Are Transformers Effective for Time Series Forecasting?
Contents
- Abstract
- Introduction
- Preliminaries
- Transformoer-Based LTSF Solutions
- Embarassingly Simple Baseline
- Experiments
- Implementation Details
- LTSF & STSF
- Distribution Shift
0. Abstract
surge of Transformer-based solutions for the long-term time series forecasting (LTSF) task
\(\rightarrow\) this paper : question the validity of this line of research
Transformers : most successful solution to extract the semantic correlations among the elements in a long sequence.
However, in time series modeling, we are to extract the temporal relations in an ordered set of continuous points
[ Transformer ] positional encoding & tokens to embed sub-series
- facilitate preserving some ordering information….
\(\rightarrow\) BUT the nature of the permutation-invariant self-attention mechanism inevitably results in temporal information loss
\(\rightarrow\) introduce a set of embarrassingly simple one-layer linear models named LTSF-Linear
https://github.com/cure-lab/LTSFLinear.
1. Introduction
The main working power of Transformers: multi-head self-attention mechanism
\(\rightarrow\) capability of extracting semantic correlations among elements in a long sequence
Problems of self-attention in TS :
permutation invariant & “anti-order” to some extent
-
using various types of positional encoding…? still inevitable to have temporal information loss
( NLP : not a serious concern for semantic rich applications )
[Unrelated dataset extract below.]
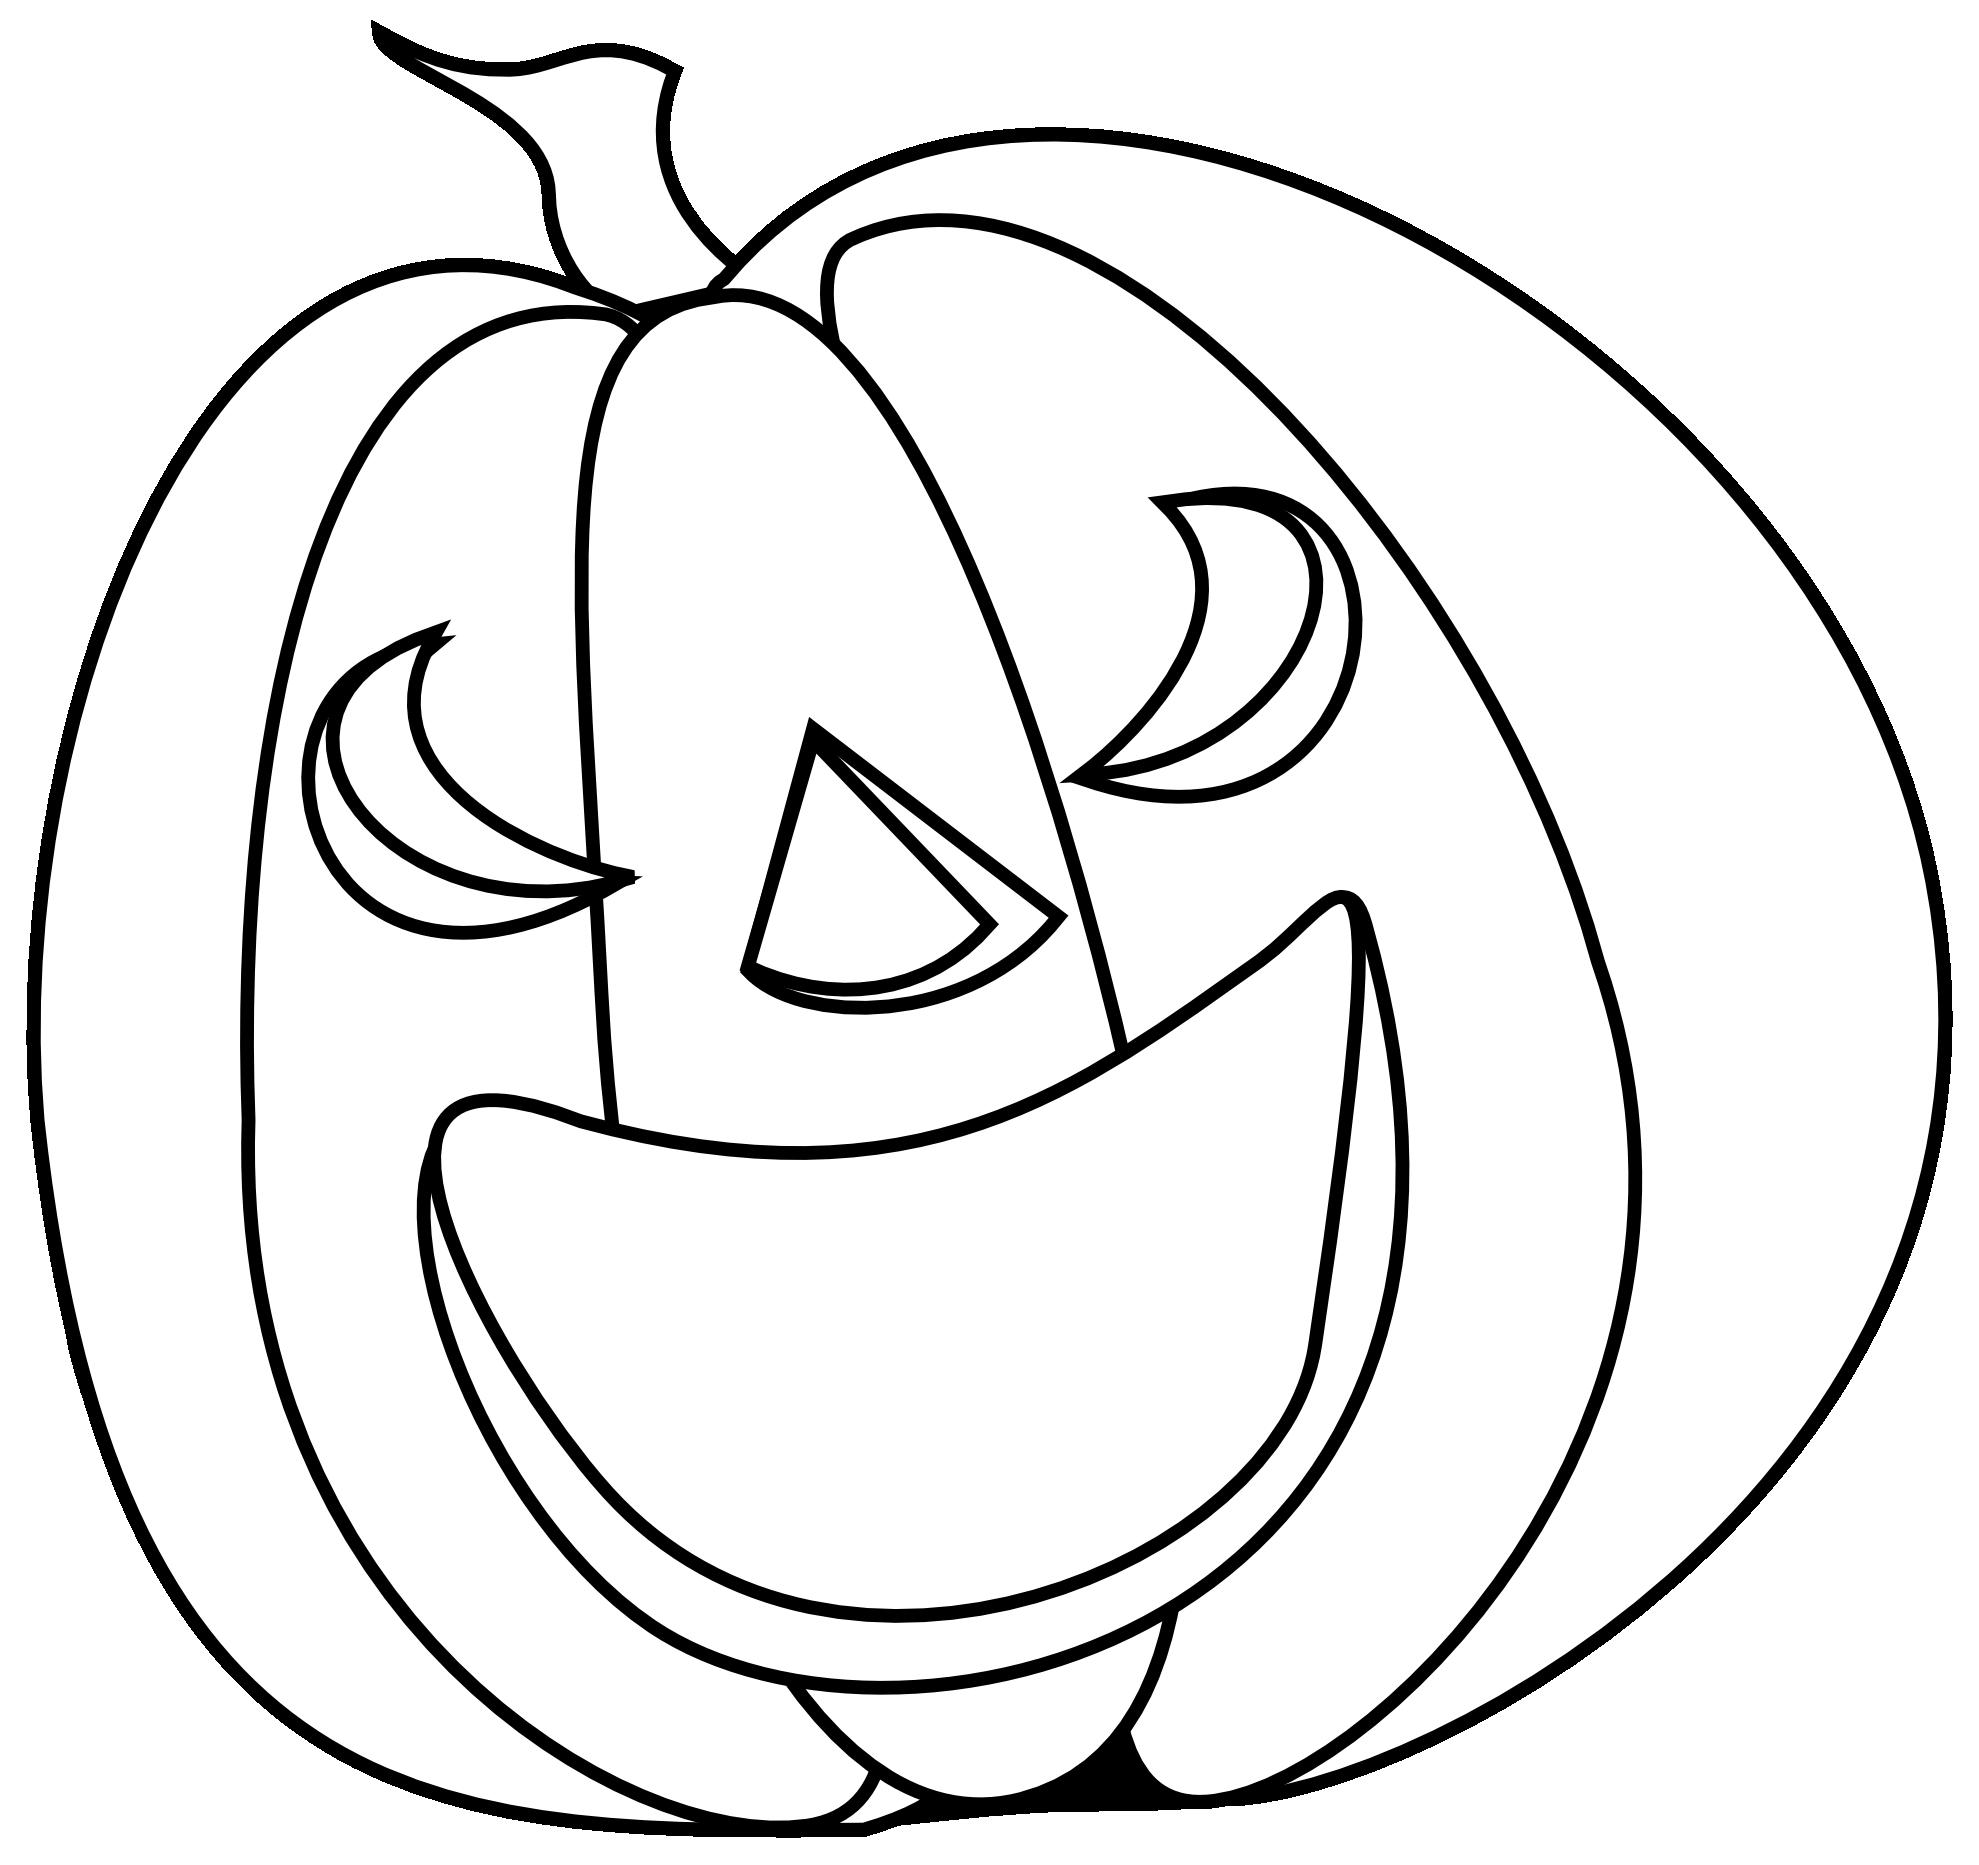 pumpkin clip art free black and white - photo #24

( TS : usually a lack of semantics in the numerical data itself )
\(\rightarrow\) order itself plays the most crucial role
Q. Are Transformers really effective for long-term time series forecasting?
(non-Transformer) Baselines ( used in Transformer-based papers )
- perform autoregressive or iterated multi-step (IMS) forecasting
- suffer from significant error accumulation effects for the LTSF problem
\(\rightarrow\) We challenge Transformer-based LTSF solutions with direct multi-step (DMS) forecasting strategies to validate their real performance
Hypothesize that long-term forecasting is only feasible for those time series with a relatively clear trend and periodicity.
\(\rightarrow\) linear models can already extract such information!
\(\rightarrow\) introduce a set of embarrassingly simple model, LTSF-Linear
LTSF-Linear
- regresses historical time series with a one-layer linear model to forecast future time series directly.
- conduct extensive experiments on nine widely-used benchmark datasets
- show that LTSF-Linear outperforms existing complex Transformerbased models in all cases, and often by a large margin (20% ∼ 50%).
- existing Transformers : most of them fail to extract temporal relations from long sequences
- the forecasting errors are not reduced (sometimes even increased) with the increase of look-back window sizes.
- conduct various ablation studies on existing Transformer-based TSF solutions
2. Preliminaries: TSF Problem Formulation
Notation
-
number of variates : \(C\)
-
historical data : \(\mathcal{X}=\left\{X_1^t, \ldots, X_C^t\right\}_{t=1}^L\)
- lookback window size : \(L\)
- \(i_{t h}\) variate at the \(t_{t h}\) time step : \(X_i^t\)
TSF task: predict \(\hat{\mathcal{X}}=\left\{\hat{X}_1^t, \ldots, \hat{X}_C^t\right\}_{t=L+1}^{L+T}\)
- iterated multi-step (IMS) forecasting : learns a single-step forecaster & iteratively applies it
- direct multistep (DMS) forecasting : directly optimizes the multi-step forecasting objective
IMS vs DMS
- IMS ) have smaller variance thanks to the autoregressive estimation procedure
- DMS) less error accumulation effects.
\(\rightarrow\) IMS forecasting is preferable when ….
- (1) highly-accurate single-step forecaster
- (2) \(T\) is relatively small
\(\rightarrow\) DMS forecasting is preferable when ….
- (1) hard to obtain an unbiased single-step forecasting model
- (2) \(T\) is large.
3. Transformer-Based LTSF Solutions
Transformer-based models to LTSF problems?
Limitations
- (1) quadratic time/memory complexity
- (2) error accumulation by autoregressive decoder
- Informer : reduce complexity & DMS forecasting
- etc) xxformers…
(1) TS decomposition
Common in TSF : normalization with zero-mean
Autoformer : applies seasonal-trend decomposition behind each neural block
- TREND : MA kernel on the input sequence to extract the TREND
- SEASONALITY : original - TREND
FEDformer : ( on top of Autoformer )
- proposes the mixture of experts’ strategies to mix the TREND components extracted by MA kernels with various kernel sizes.
(2) Input Embedding
self-attention layer : cannot preserve the positional information of the time series.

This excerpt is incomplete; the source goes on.